Op, you might as well stay with one that has an upside because all women are a pain in the ass, and many have no redeeming qualities to offset. She sounds alright to me.

Believe me, tattooing someone on your body is far different from tattooing a name.

If you leave her, she's kinda fucked.

But in all seriousness, I think you're asking the wrong people. Ask your heart, mind, and penis.

BPD is characterized by abandonment. All the ridiculous, illogical shit they do is in some bizarre attempt to make sure you don't leave. BPD is completely treatable, they just gotta do therapy consistently. They also feel emotions way more intensely and without the same kinda safeguards normal people have. Keep in mind that treatment takes around 4 years. You have to be willing to not call her on her shit, even when she's dead to rights wrong, but instead just listen. Read up on it, extensively, and decide for yourself. it's a rollercoaster, though.

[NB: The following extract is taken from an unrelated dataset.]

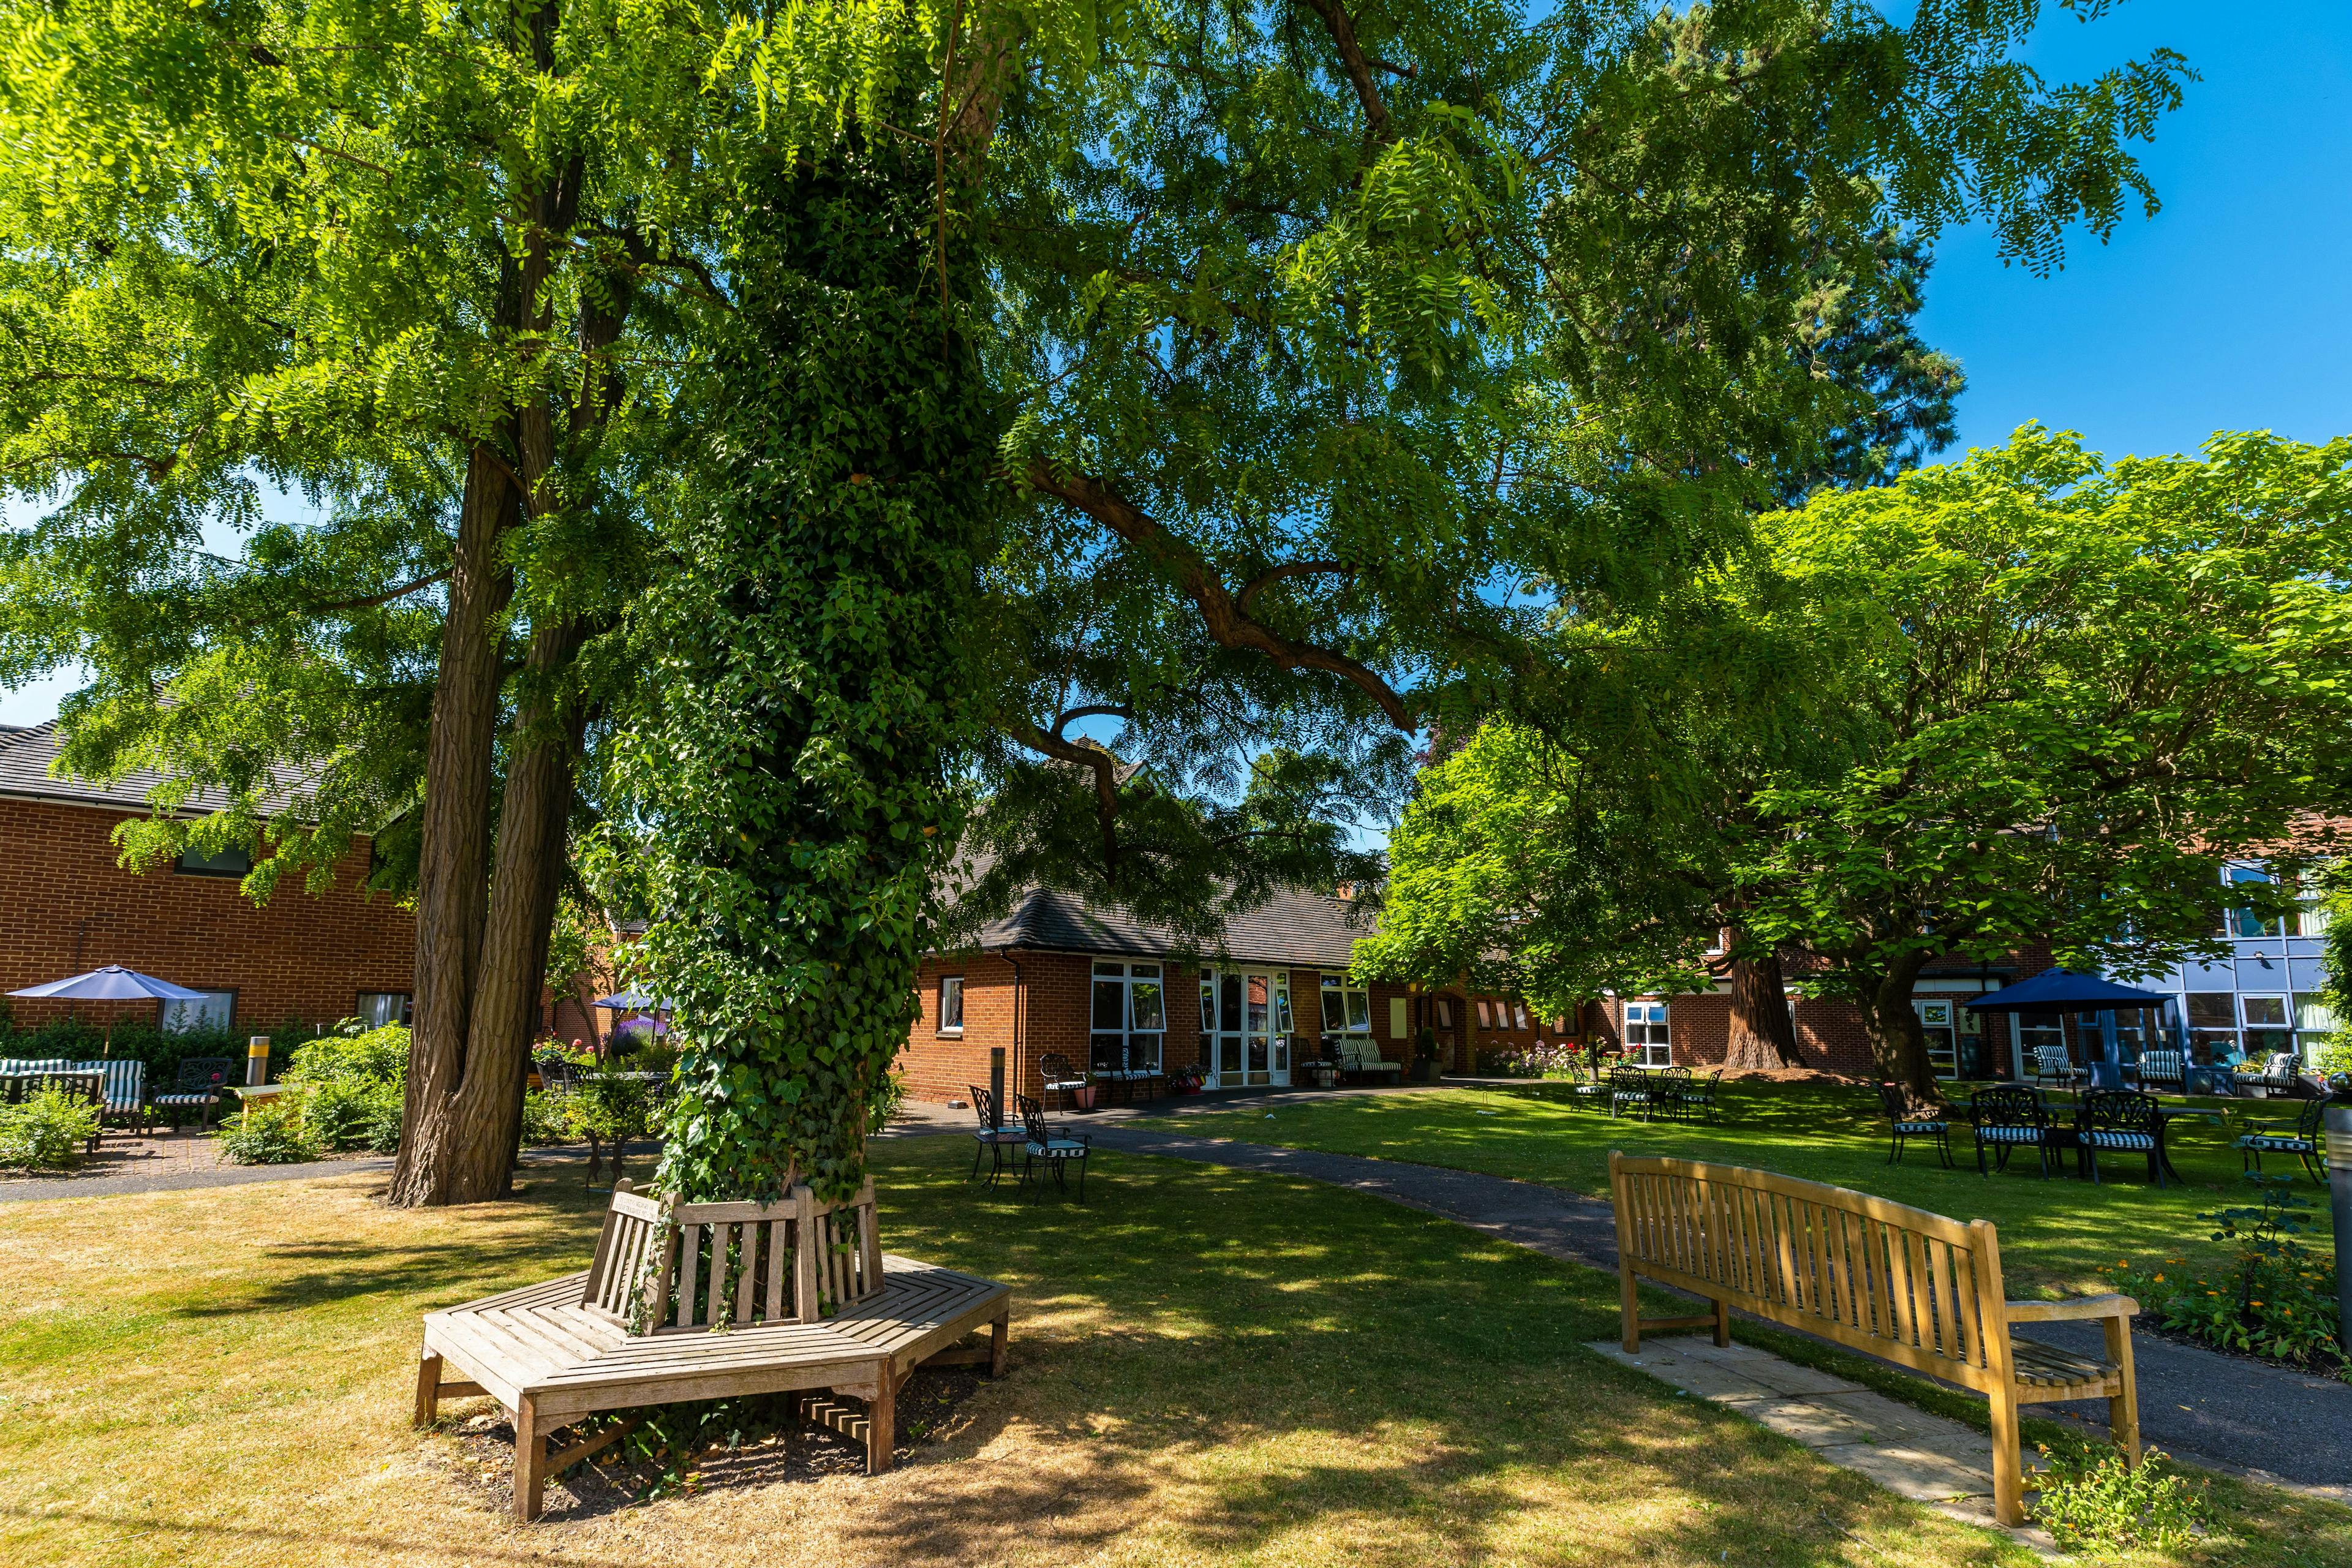 The Whitgift Foundation - Whitgift House care home 6

no its good advice because she might literally kill you one day

OP here,

I feel closest to your mindset, but do you think I can lay my trust into her staying true to me for the long-term? I've heard BPD settles out in your later years and I don't want to get married to someone that'll later abandon ship--especially because she might have my children. I have no idea if she'd be with me without her BPD, not the best of partners...

Keep her, she depends on you

OP here,

Mind says hell no, I hate emotional people. Penis says hell fucking yes, she's willing to do anything (we have already had crazy as hell sex). Heart says I feel bad for her, she's had it rough...but I have no idea if we are met to be...what do I do with that?

I should mention that she's VERY left-wing and a feminist.

Sounds like my dream girl. If you also feel love for her , genuine love, you have nothing to fear. Talk it out with her, or deal with the minor inconvenience that she wants to know what you do ... always ..

OP here,

I think this is what I need to hear...the part about letting go definitely hits home. She can be an absolute autist when we disagree...logical fallacy galore, like she can't even think critically.

Maybe it can be a learning experience that helps build up my tolerance to ignorant people.

just remember OP. people with bpd are MUCH more likely to cheat. and it's not because she even wants to, but like, they have literally zero impulse control.

OP here,

Can't tell if it's genuine...how do I know? I know I love her, but sometimes I feel like it may just be my penis or my guilt. I want to say that I love her and want to be with her for real, but we disagree on a lot; is it true love if I love her for how much she loves me?

yea my gf has BPD, and we get into the STUPIDEST fights. but once i stopped trying to justify or explain to her why what she's thinking is fucking lunacy, and just asked her why she feels that way, and let her do the talking, the fights went from multiple hourlong ordeals, to being over in 10-20 minutes, and with much less animosity afterward. it's a test of patience. but just let go of dumb shit. one of you has to first, and it's not gonna be her.

I can confirm this as someone with Bpd. We never think. We just do & don't think about the effects.

My ex had BPD. Never again.

BPD are incapable of empathy, let alone love. Just fucking wait until you snap out of this daze and even try to get away from her. Good luck.

I'm male though

That's a classic BPD trick. The tattoos are the same (my BPD ex did both also), to manipulate you, someone who feels empathy, into staying with her. You're lying to yourself and downplaying the negatives because of your emotions. Get away from her ASAP, trust me.

this is dumb. they feel emotions much more intensely. they love more intensely. they feel lust more intensely. they feel jealousy, anger, sadness, everything, with more intensity. the whole goal of DBT is to teach coping mechanisms for invasive thoughts. They do do weird shit to keep you with them, but it's because of their intense fear of abandonment. just cuz you got hurt by a girl with it does it make you an expert.

what you're confusing it for is ASPD.